Le Clermontais (mais c'est le cas pour tout le Coeur d'Hérault) a une activité principalement présentielle. C'est à dire que les revenus de cette activité proviennent des personnes qui habitent ou qui visitent notre territoire. Aller au restaurant, faire ses courses sur un marché, solliciter un artisan chez soi ou visiter un musée sont quelques exemples d'une activité présentielle.

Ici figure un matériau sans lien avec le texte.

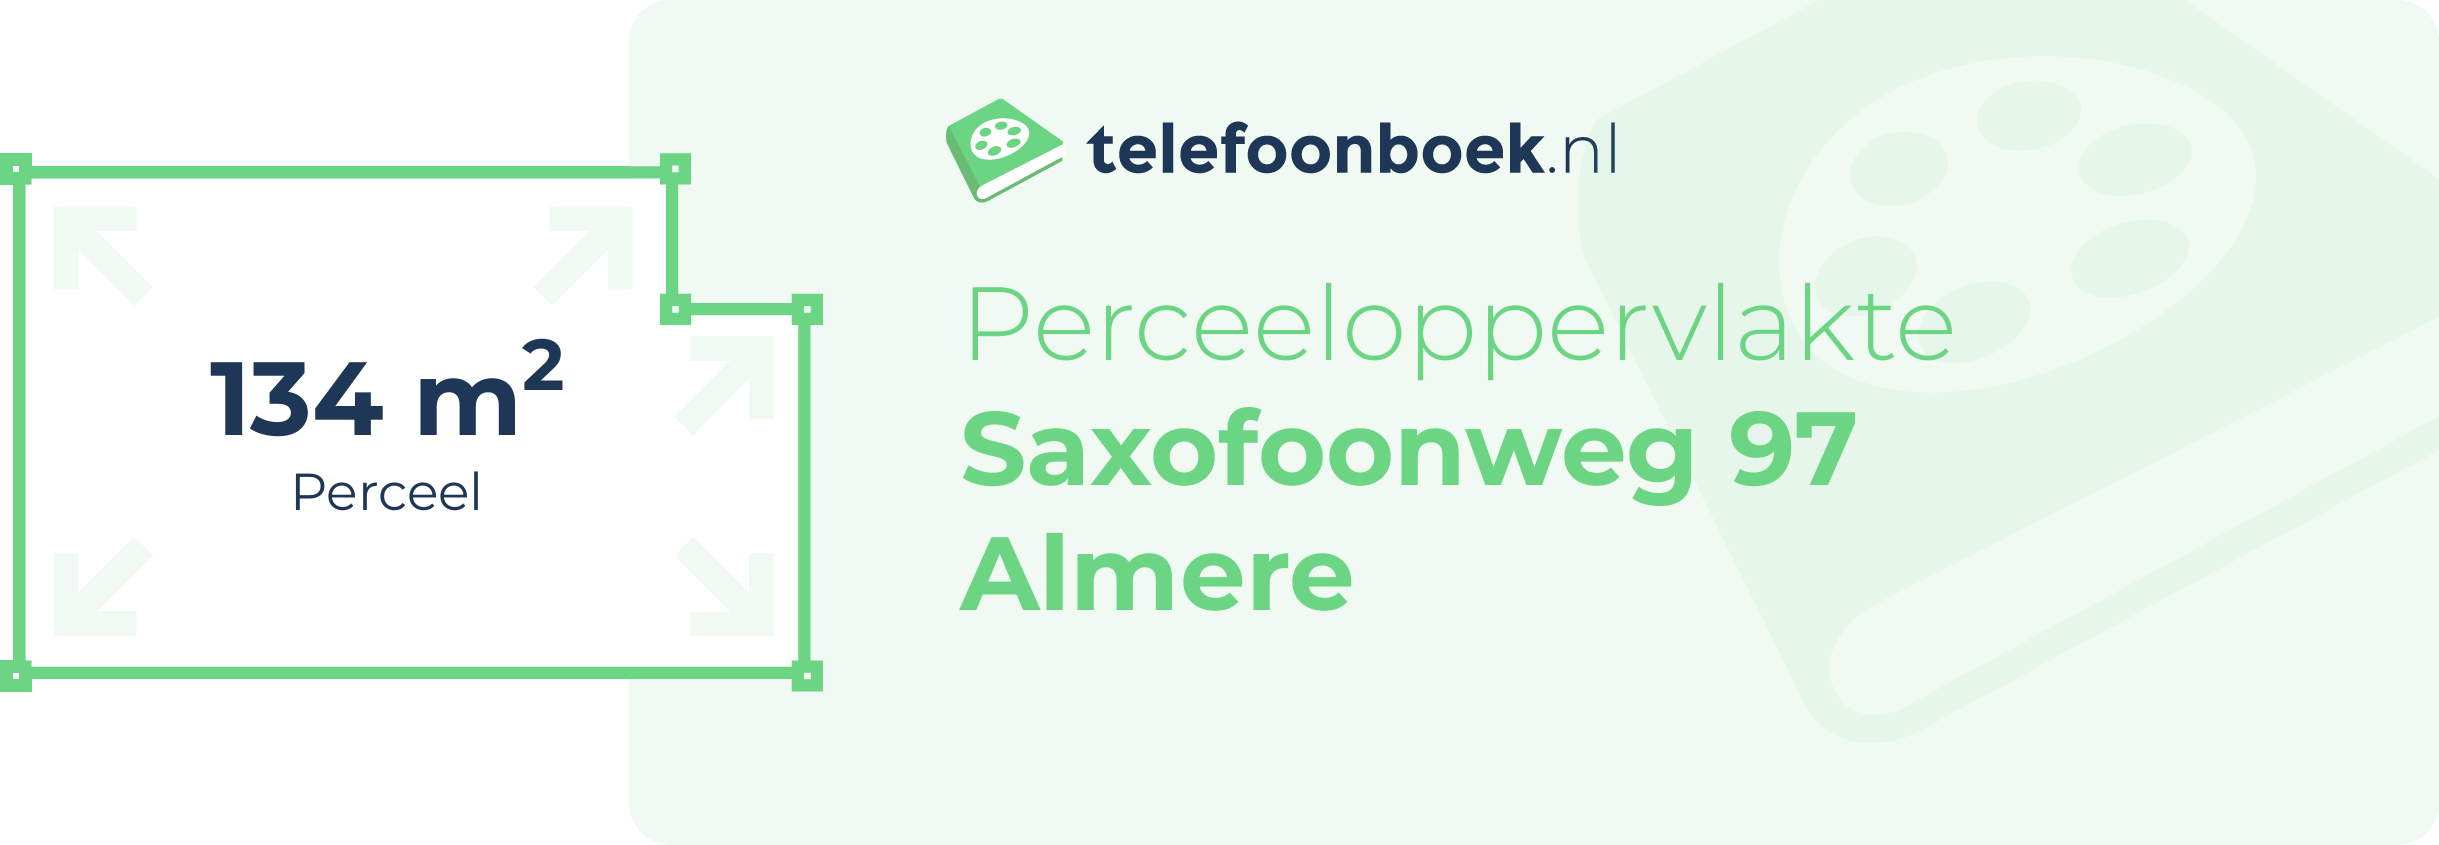 Perceeloppervlakte Saxofoonweg 97 Almere

A l'inverse, l'activité non présentielle est celle dont les revenus viennent de l'extérieur du territoire ; cela va des revenus des enseignants jusqu'à la vente de produits et de services hors du territoire.

Si j'exclue les revenus financiers et fonciers, c'est qu'ils sont très peu redistributifs. Je ne les occulte pas, mais je constate comme beaucoup d'observateurs que ces revenus-là sont plutôt spéculatifs et qu'il est très rare que quelqu'un liquide son épargne ou vende des terrains pour créer une entreprise. Je ne désespère pas que prochainement les rentiers ouvrent les yeux ...

Mais aujourd'hui, si nous voulons que les salariés soient moins précaires, mieux rémunérés et plus nombreux, alors il faut faire rentrer de la richesse sur le territoire. Et de façon caricaturale, pour notre territoire du Clermontais avec ses 24.111 habitants, l'avenir des 5.900 salariés du privé (inclus les chefs d'entreprises et professions libérales rémunérés par leur activité) et des 1.470 demandeurs d'emploi dépend directement d'eux-mêmes.

Il y a deux façons de faire rentrer de la richesse, soit que des personnes extérieures viennent le dépenser ici (ce sont les touristes et les professionnels de passage), soit que des revenus proviennent de la vente de produits et de services à l'extérieur. Sur ce dernier axe, le Clermontais dispose déjà d'une activité exportatrice, c'est le vin. Mais on trouve aussi quelques entreprises comme Contralco à Gignac (12 millions d'éthylotests vendus chaque année) ou Irrifrance à Paulhan.

Sur le Clermontais, et plus généralement sur le Coeur d'Hérault, nous avons d'énormes atouts. Déjà, le potentiel touristique est sous-utilisé. Il ne faut pas se contenter de vivre sur ses lauriers, il faut rendre le territoire encore plus attractif. L'offre d'hébergement est toujours aussi déficitaire, et le territoire ne fixe pas ses touristes. L'oeno-tourisme pourrait aussi être développé, avec des circuits pédagogiques. Le lien ferroviaire avec la méditerranée constitue une perspective de développement touristique, et les communes d'Agde et de Pézenas sont demandeuses de s'ouvrir vers le Coeur d'Hérault.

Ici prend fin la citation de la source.